Nevertheless, whether we lived at home or at school, our virginity was carefully guarded until our graduation day, when it was then offered up. Sewn into costumes that exposed our necks, our arms, our bosoms, our legs, we decorated the stage for the pleasure of the court, all those aristocratic balletomanes who handed down to their sons their subscriptions along with their titles, who sat in the boxes and first stalls of the Imperial Theaters for the best views and aimed their lorgnettes or opera glasses at us. In the smoking rooms, at the intervals, they debated our merits. It was a reciprocal attraction. We needed protectors to advance our careers and to supplement our miserable salaries with dinners, gifts, wreaths, and flowers. And as our costumes imitated the dress and jewels of the court, so we developed a desire to possess the silks and velvets we wore for a few hours each day, the gold that embroidered those fabrics, the gems to which our colored glass aspired.

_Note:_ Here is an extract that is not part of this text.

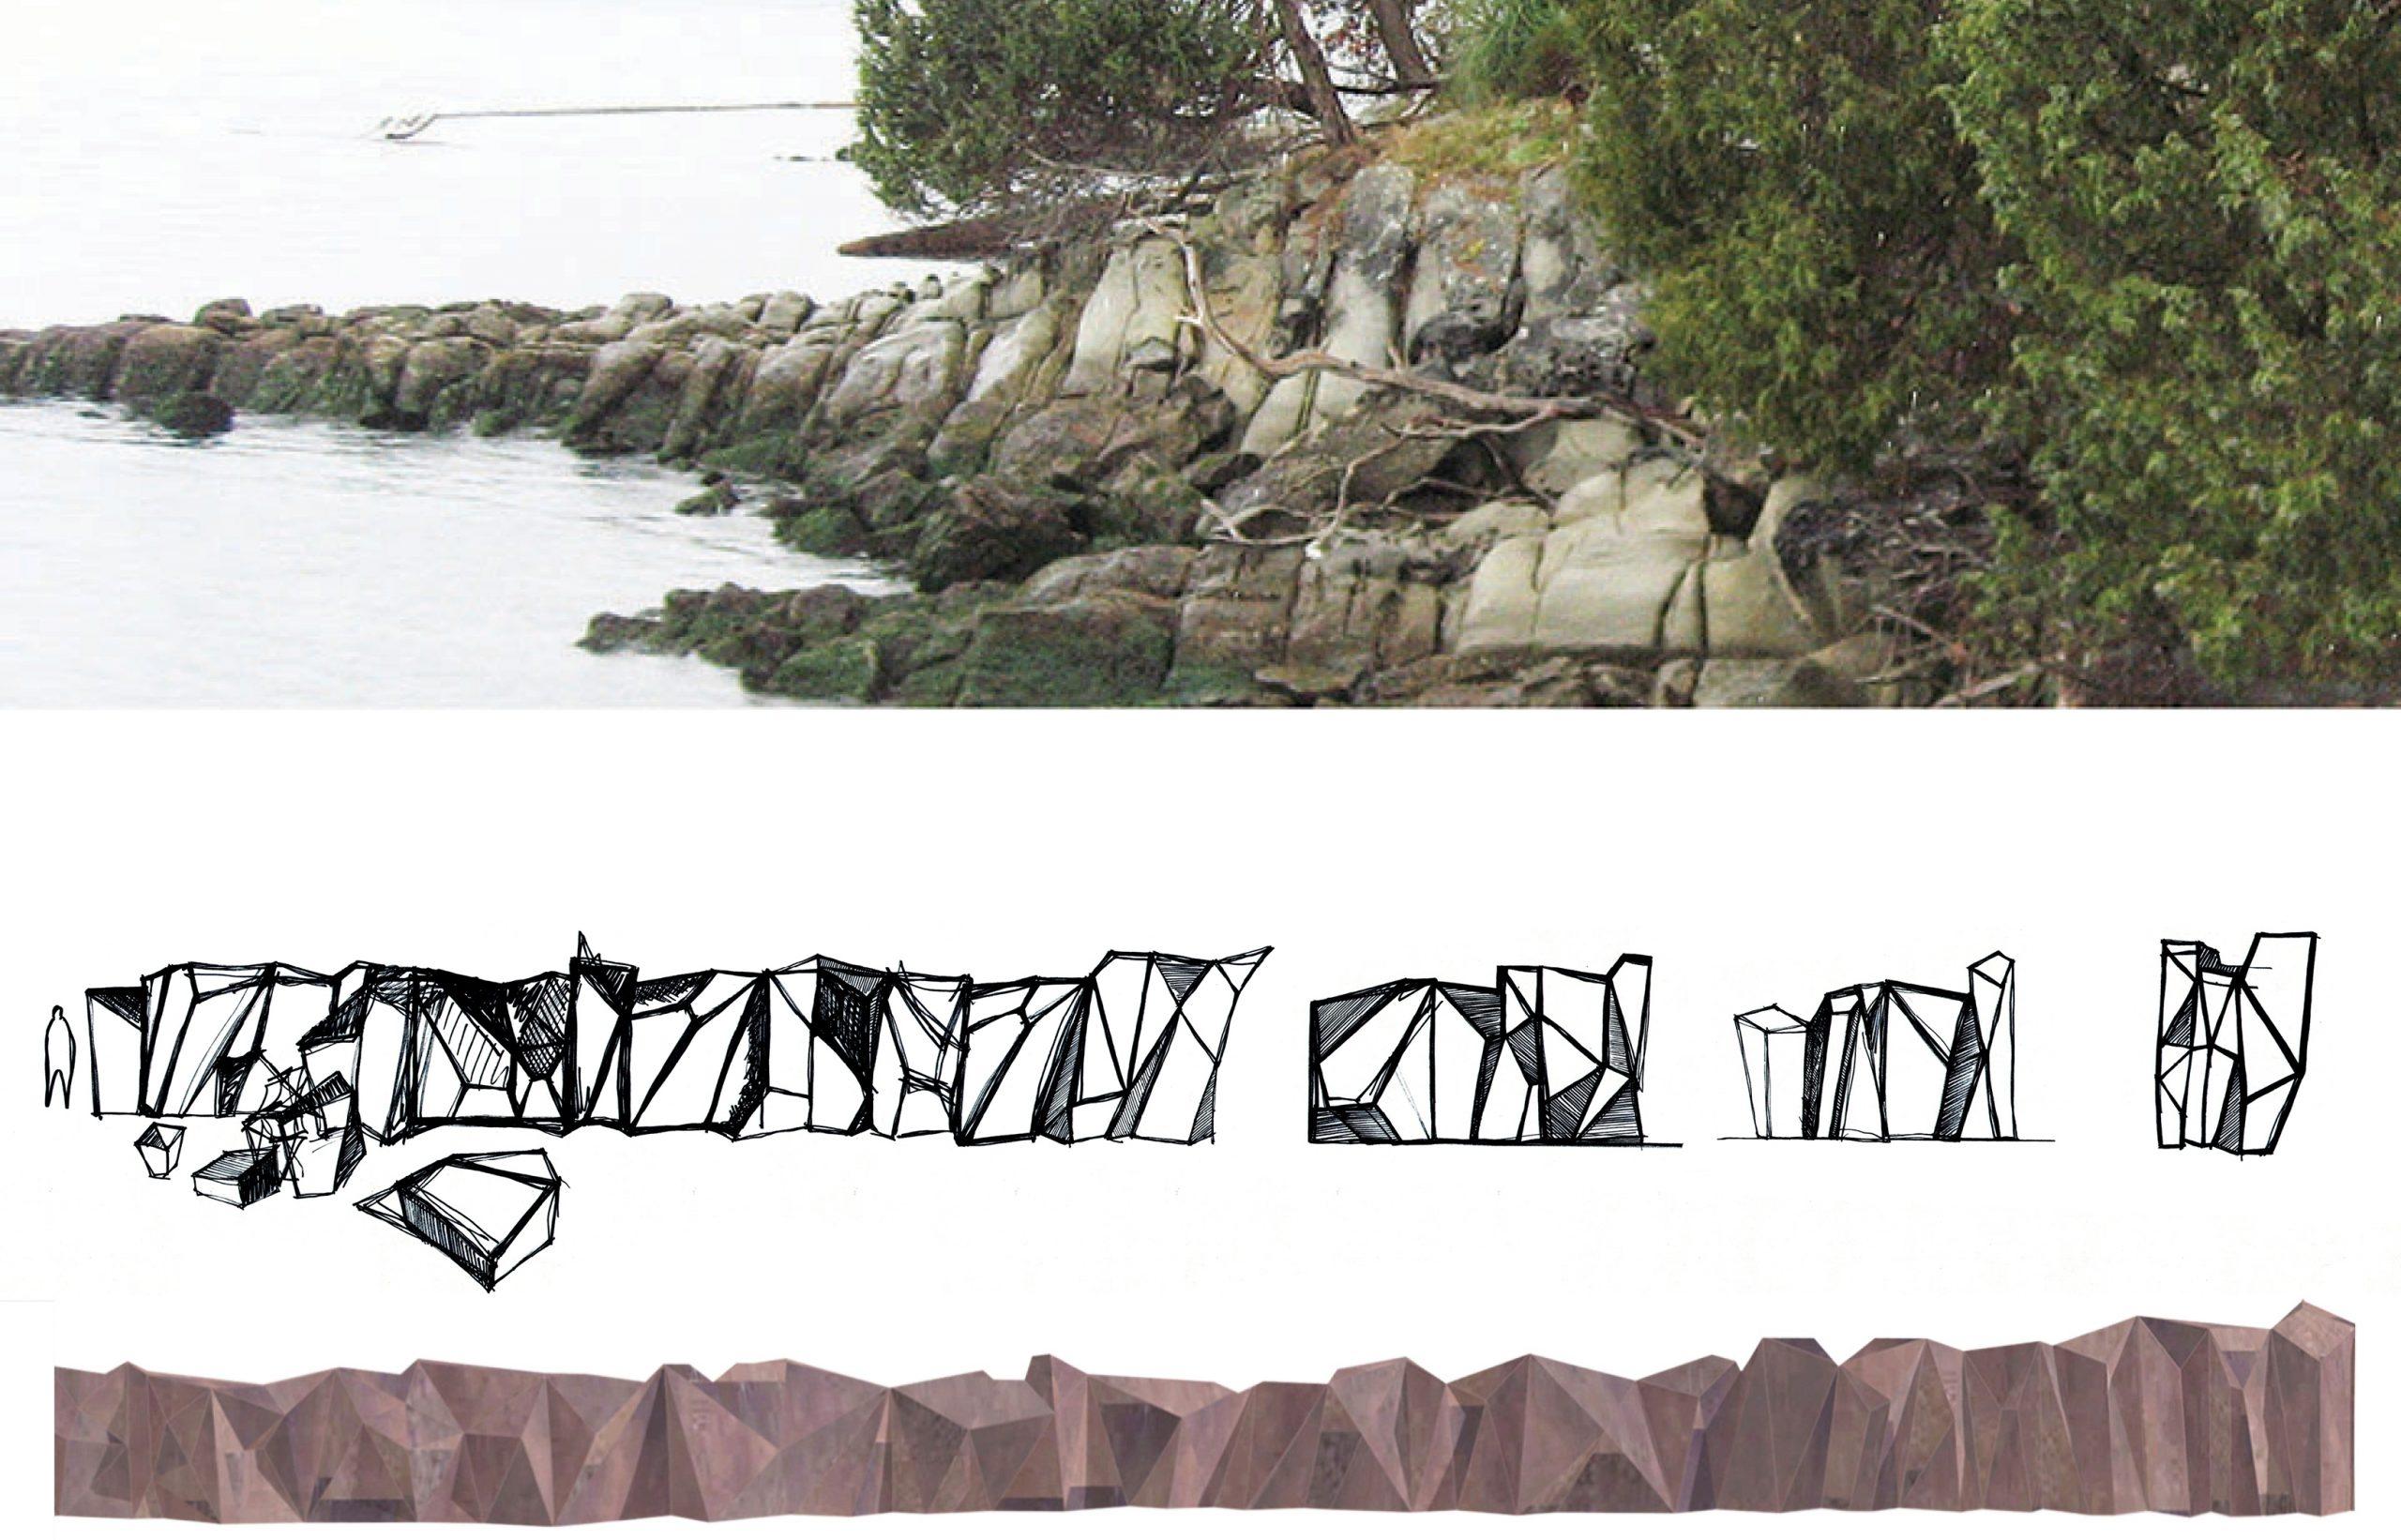 Metamorphous – A Corten Steel Seawall Sculpture and Foreshore Development

There were many girls at the school who came from nothing—why, Anna Pavlova was the daughter of a laundress—and whose liaisons could help the fortunes of their families. This was a long-standing tradition. Count Nikolai Petrovich Sheremetiev, in the eighteenth century—back when each nobleman had at his country estate his own theater and his own serf opera company, ballet company, orchestra—made a mistress of one of his opera singers and then secretly married her. In my time the grand dukes Konstantin Nikolaevich and Nicholas Nikolaevich, uncles of Tsar Alexander III, each kept a mistress from the ballet, and of Nicholas Nikolaevich’s illegitimate children with the ballerina Chislova, the boy served in the Life Guards Horse Grenadiers and the girl married a prince. Sometimes these protectors married the girls they had made their mistresses and these girls became matriarchs of some of the greatest aristocratic families of Russia. Kemmerer, Madaeva, Muravieva, Kantsyreva, Prihunova, Kosheva, Vasilieva, Verginia, Sokolova, all were ballerinas of the 1860s and earlier who married noblemen. This possibility, rather than a reverence for the art, motivated many mothers to take a pretty child or a graceful one to the auditions on Theater Street. But some of us, of course, remained only mistresses.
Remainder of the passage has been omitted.